If Amnesty is correct, most of the many "disappearances," detentions, and killings that occur in this country are far from random but are part of a system under which people who oppose, or are imagined to oppose, the government are seized without warrant, tortured, and murdered.

According to the Amnesty account, the security forces in 1980 centered their gunsights on leaders of public opinion: members of teh clergy, educators and students, lawyers, physicians, trade unionists, journalists, and community workers. But in the end most of the victims, the report says, came from among poor city people and peasants whose political activities appeared to be insignificant or wholly imagined by their captors.

Amnesty bases its report to a great extent on the testimony of two people whom it identifies as a former prisoner and a former Guatemalan soldier.

Some longtime foreign residents of Guatemala City, not to mention conservative Guatemalan business people and others, complain that Amnesty International never reports on the killings perpetrated by the left. They further allege that Amnesty's research is not based on adequate reporting from the scene.

But the allegation that the torture and killings are systematic -- and not random -- was confirmed to a degree by a Guatemalan military order who told an American acquaintance that the government does have "list" of suspected subversives. Regrettably, the officer was quoted as saying, "Someone sometimes turns up on too many lists."
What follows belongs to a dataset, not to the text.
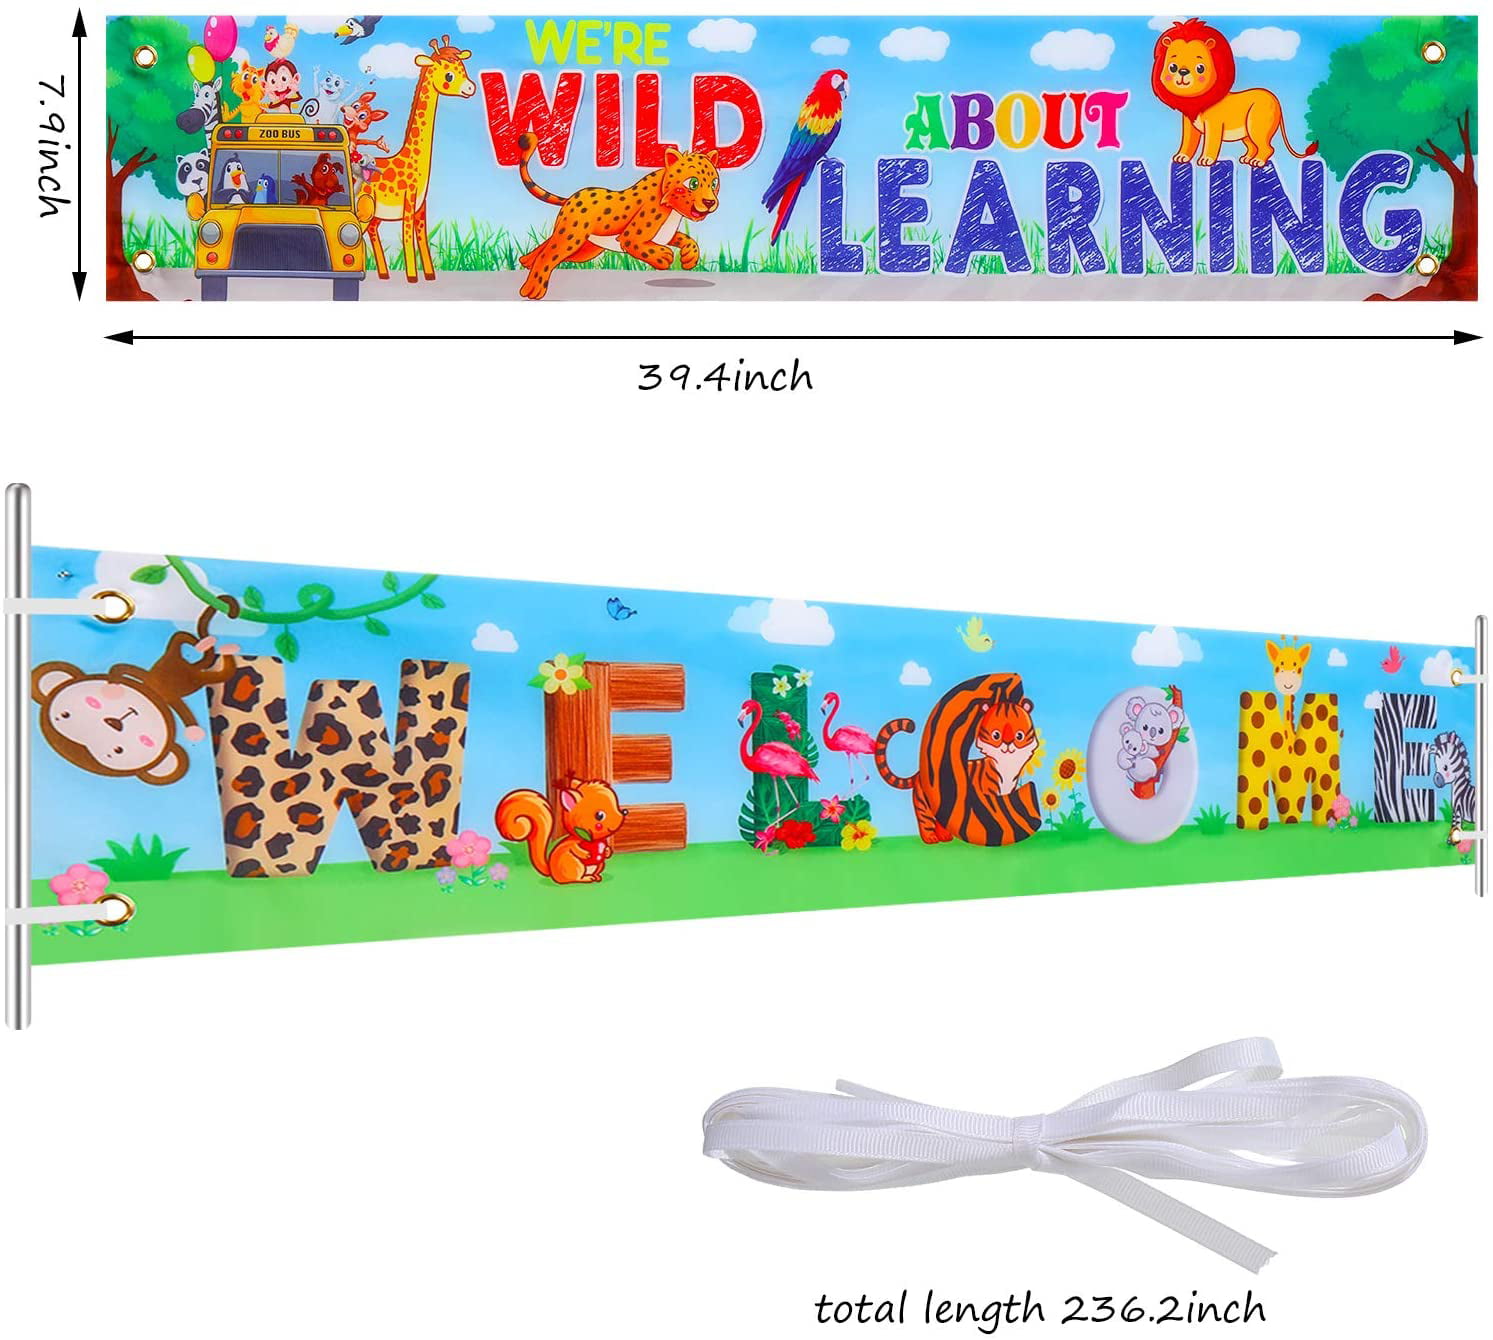 Animal Style 39.4 x 7.9 Inch 2 Pieces Creative Teaching Banner Welcome Back to School Banner with Animal Inspirational Banner Poster Classroom Banner for School Teacher Students Decorations

Even the cautious US State Department goes far toward condemning the Guatemala regime in a human-rights report that it issued in February. Reporting on 1980, the department said that kidnappings and assassinations reached higher levels than in 1979. According to the report, deaths that appeared to be politically motivated averaged 75 to 100 a month.

"Reportedly these acts were carried out by armed extremists of the left and right and by elements of the official security forces," the State Department said. "The government has not taken effective steps to half abuses or carry out serious investigations."